Data:

- - - - - - -

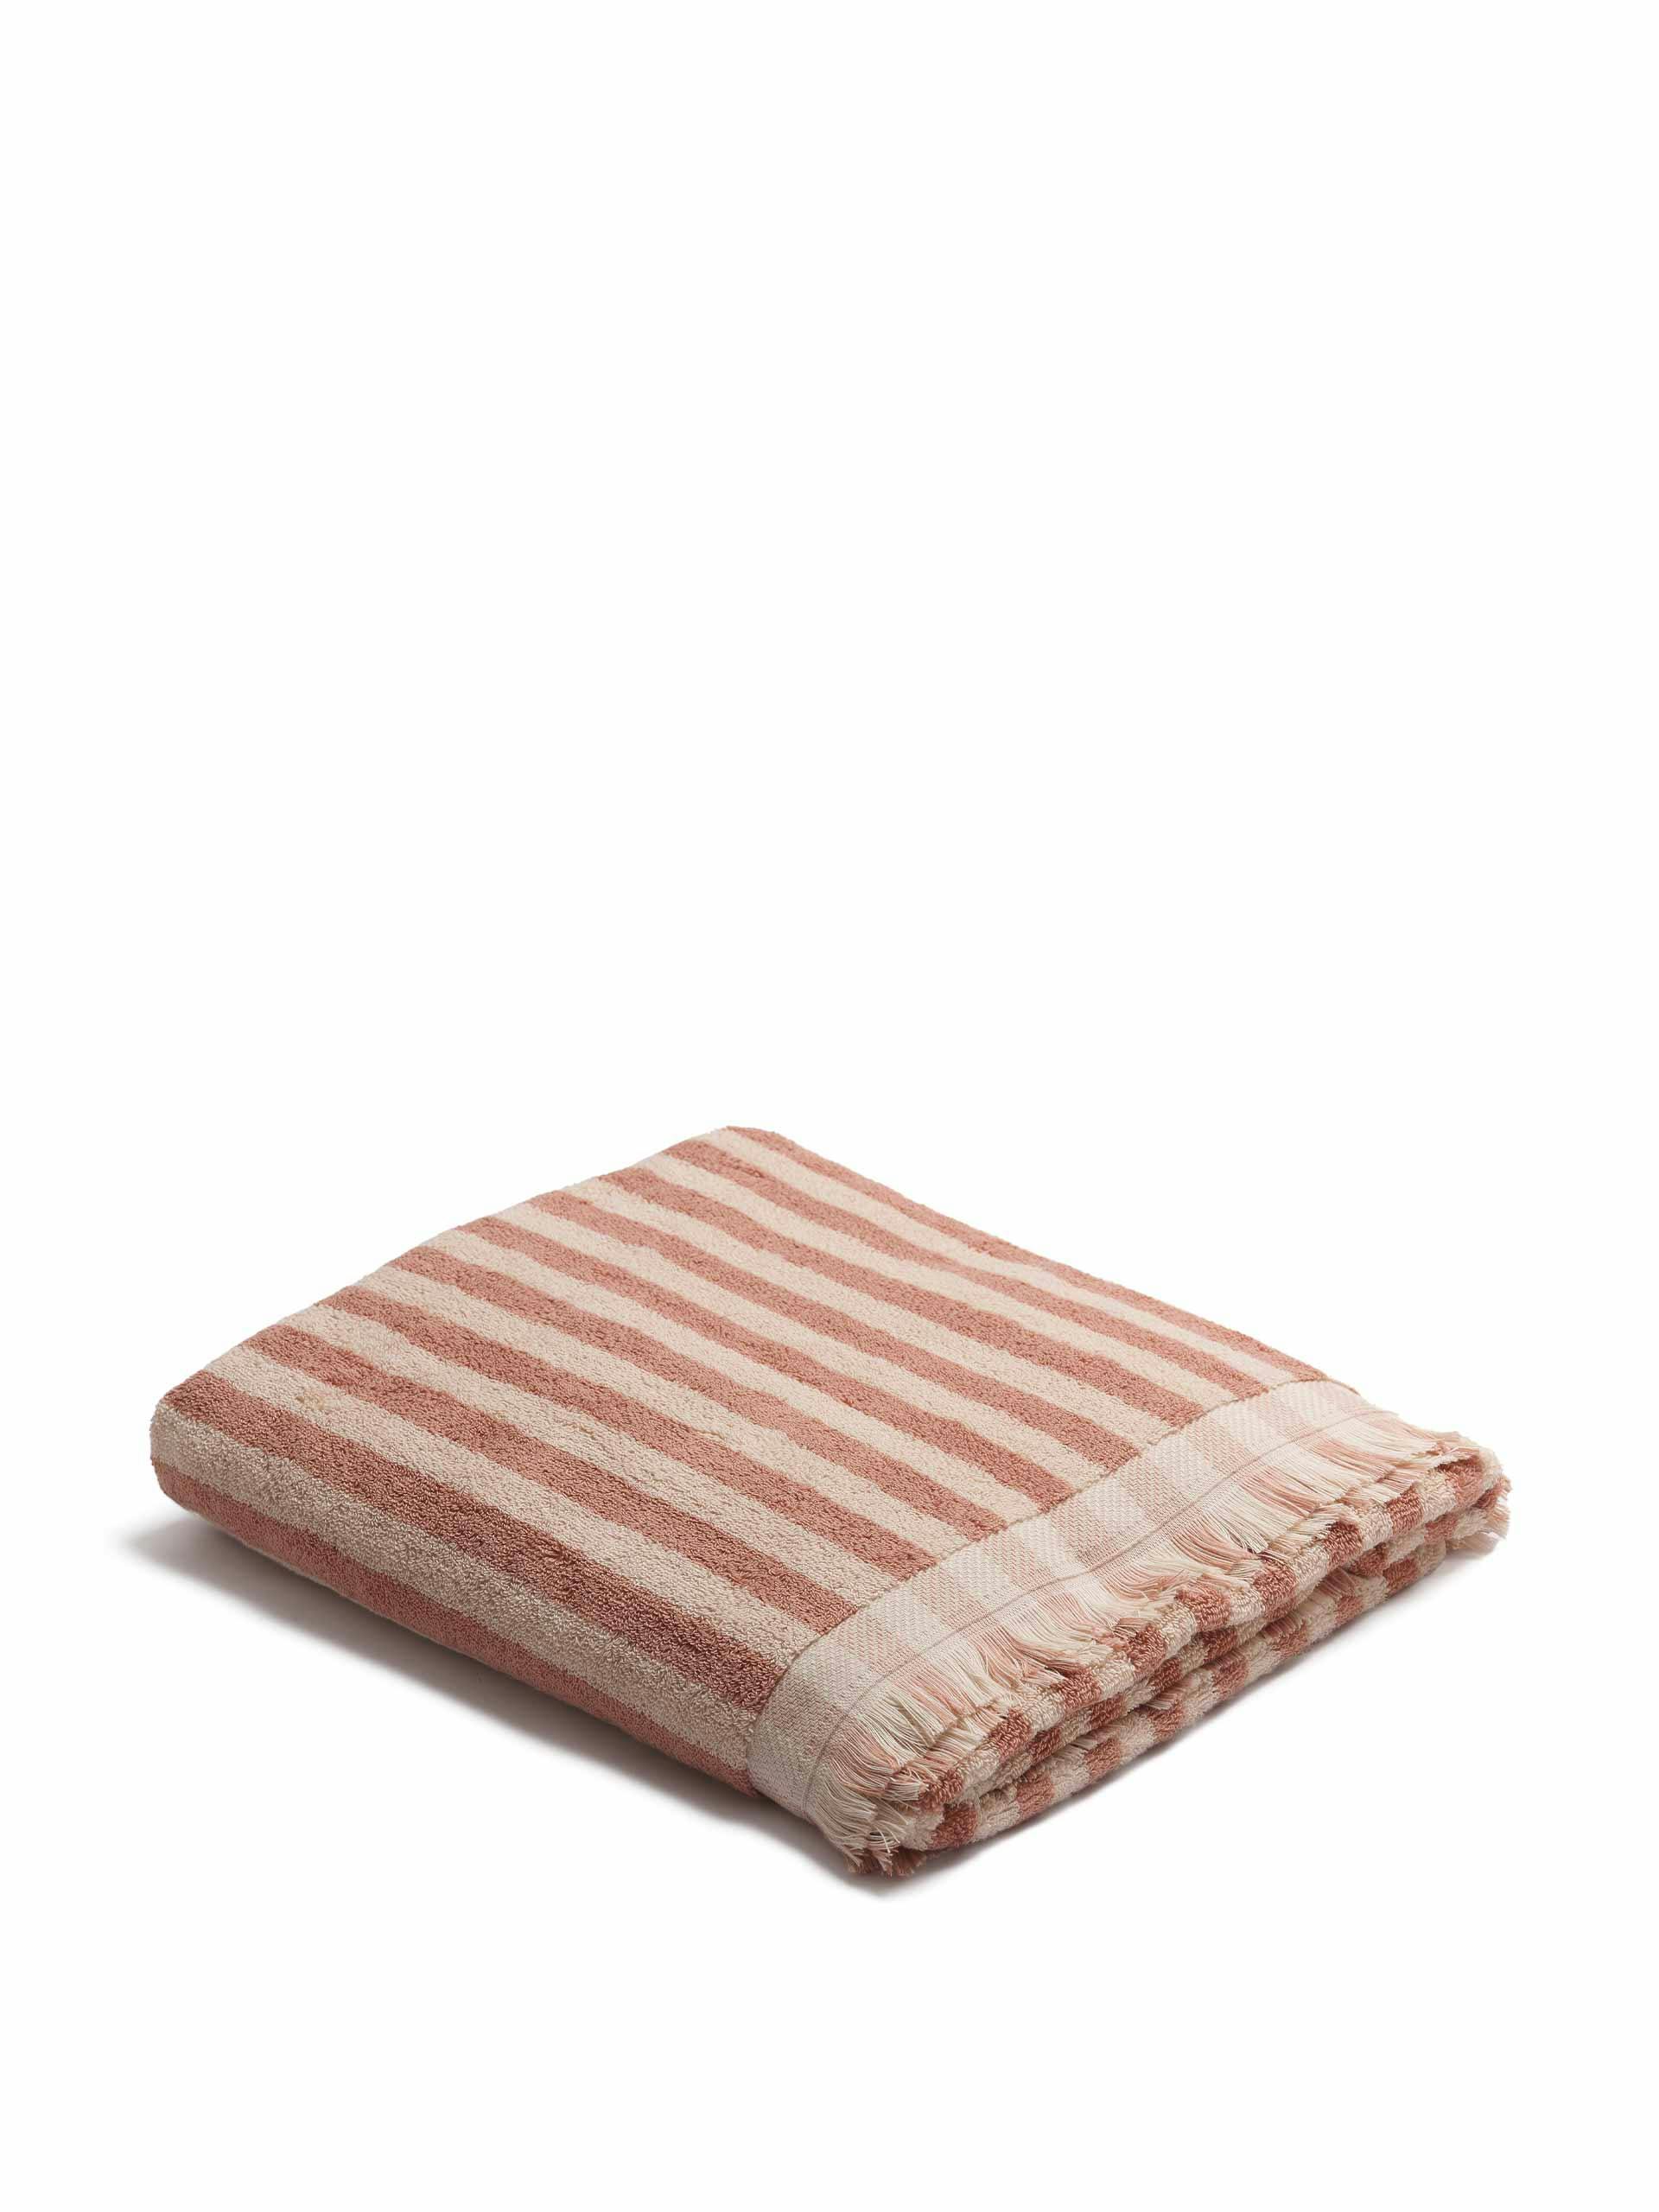 Pembroke Stripe cotton towels in Sand Shell
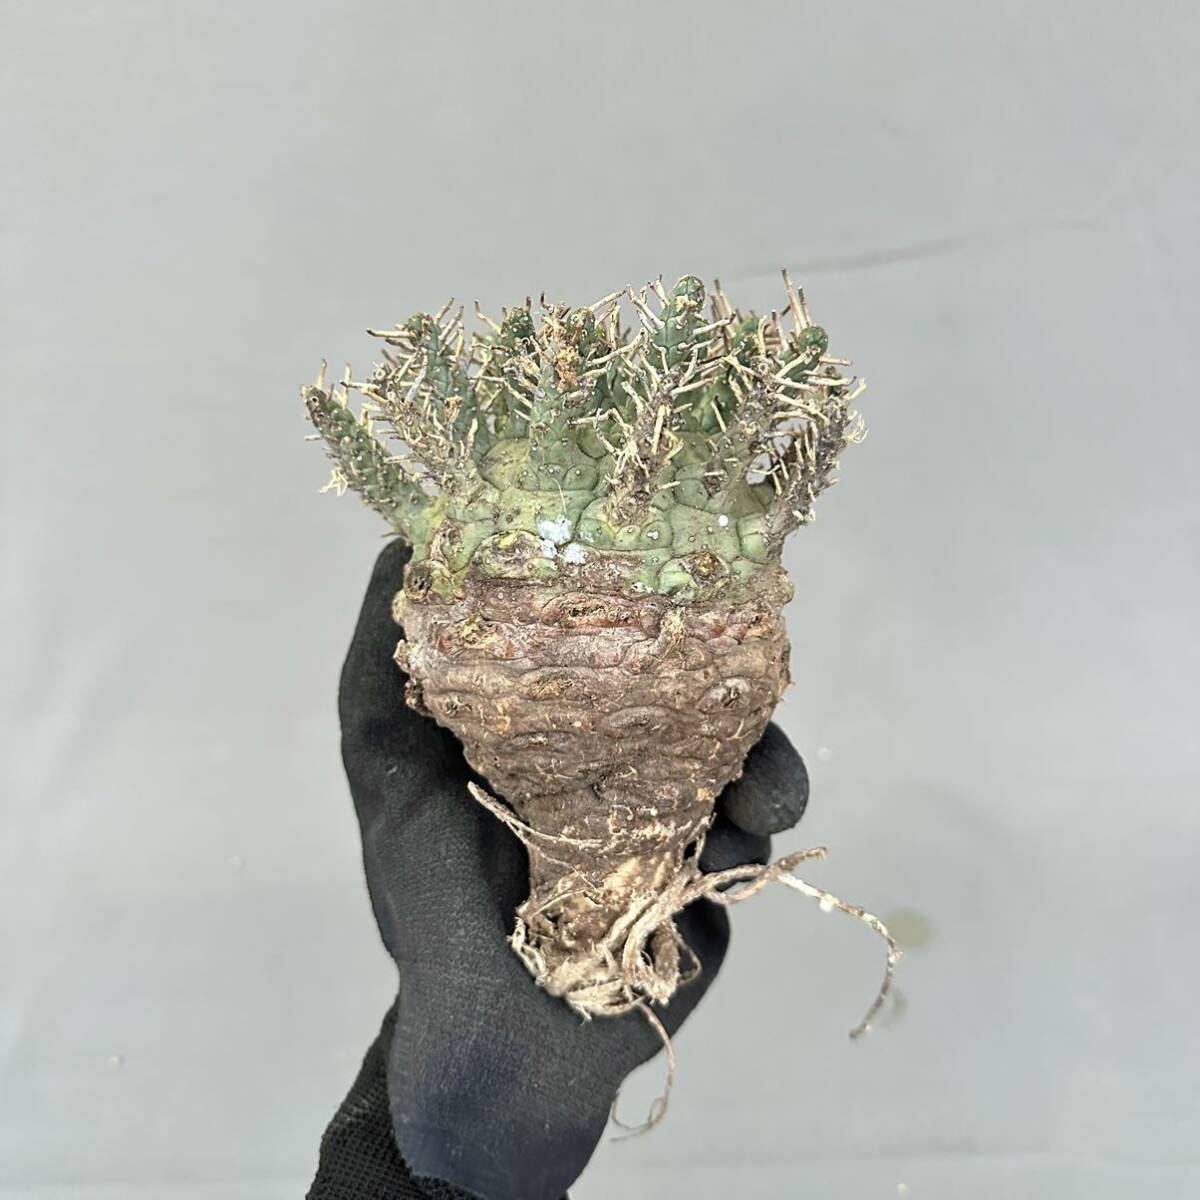 9 Euphorbia decepta / You fo рубин atesepta зеленый . шар [ поиск ]f ska жевательная резинка талон sis шероховатость Ora Hope Town ensis осьминог было использовано gla сверло s
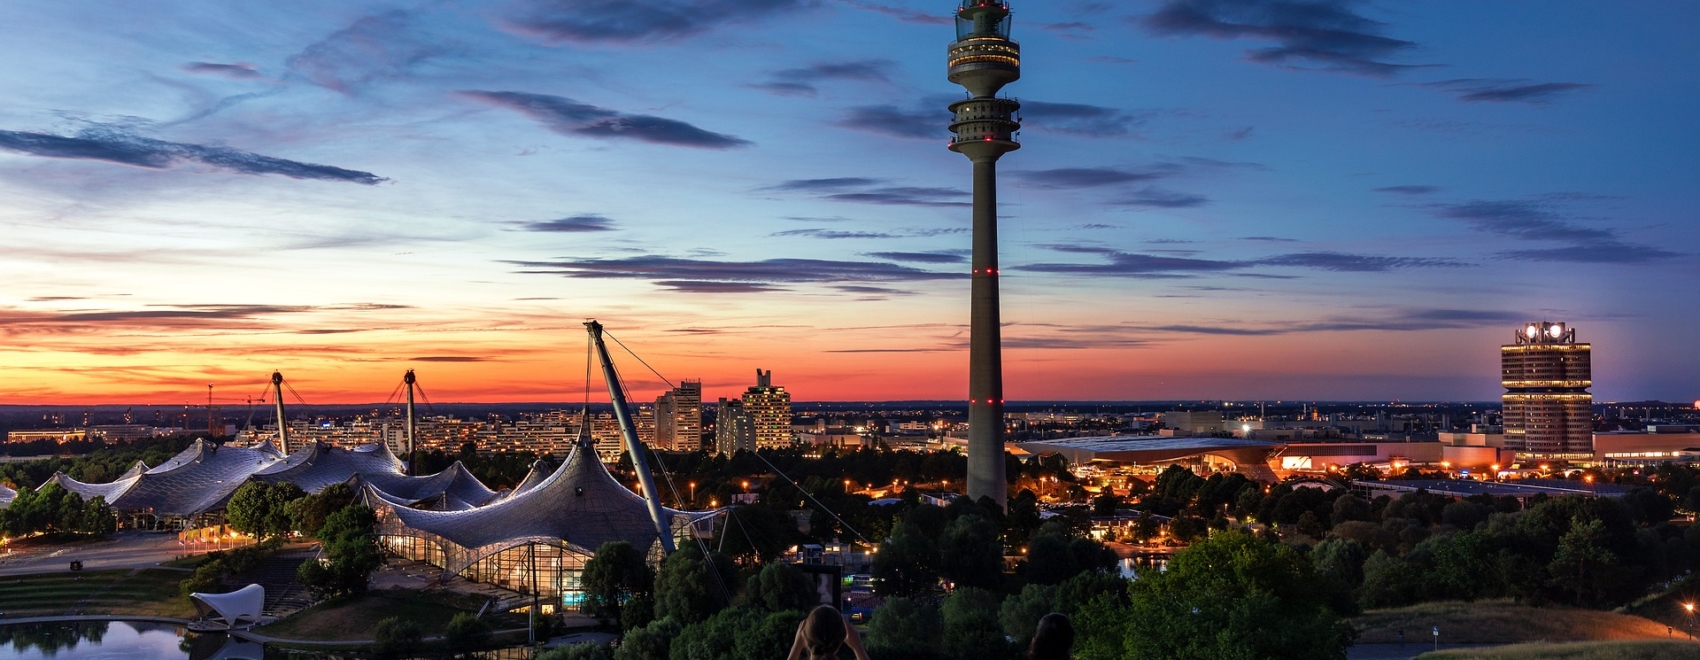 Olympiastadion bei Sonnenuntergang beim Filmfest München

- - - - - - -

Activity:
Leave out the pictures, then return every line of the data exactly.

Task answer:
 Pembroke Stripe cotton towels in Sand Shell
 9 Euphorbia decepta / You fo рубин atesepta зеленый . шар [ поиск ]f ska жевательная резинка талон sis шероховатость Ora Hope Town ensis осьминог было использовано gla сверло s
 Olympiastadion bei Sonnenuntergang beim Filmfest München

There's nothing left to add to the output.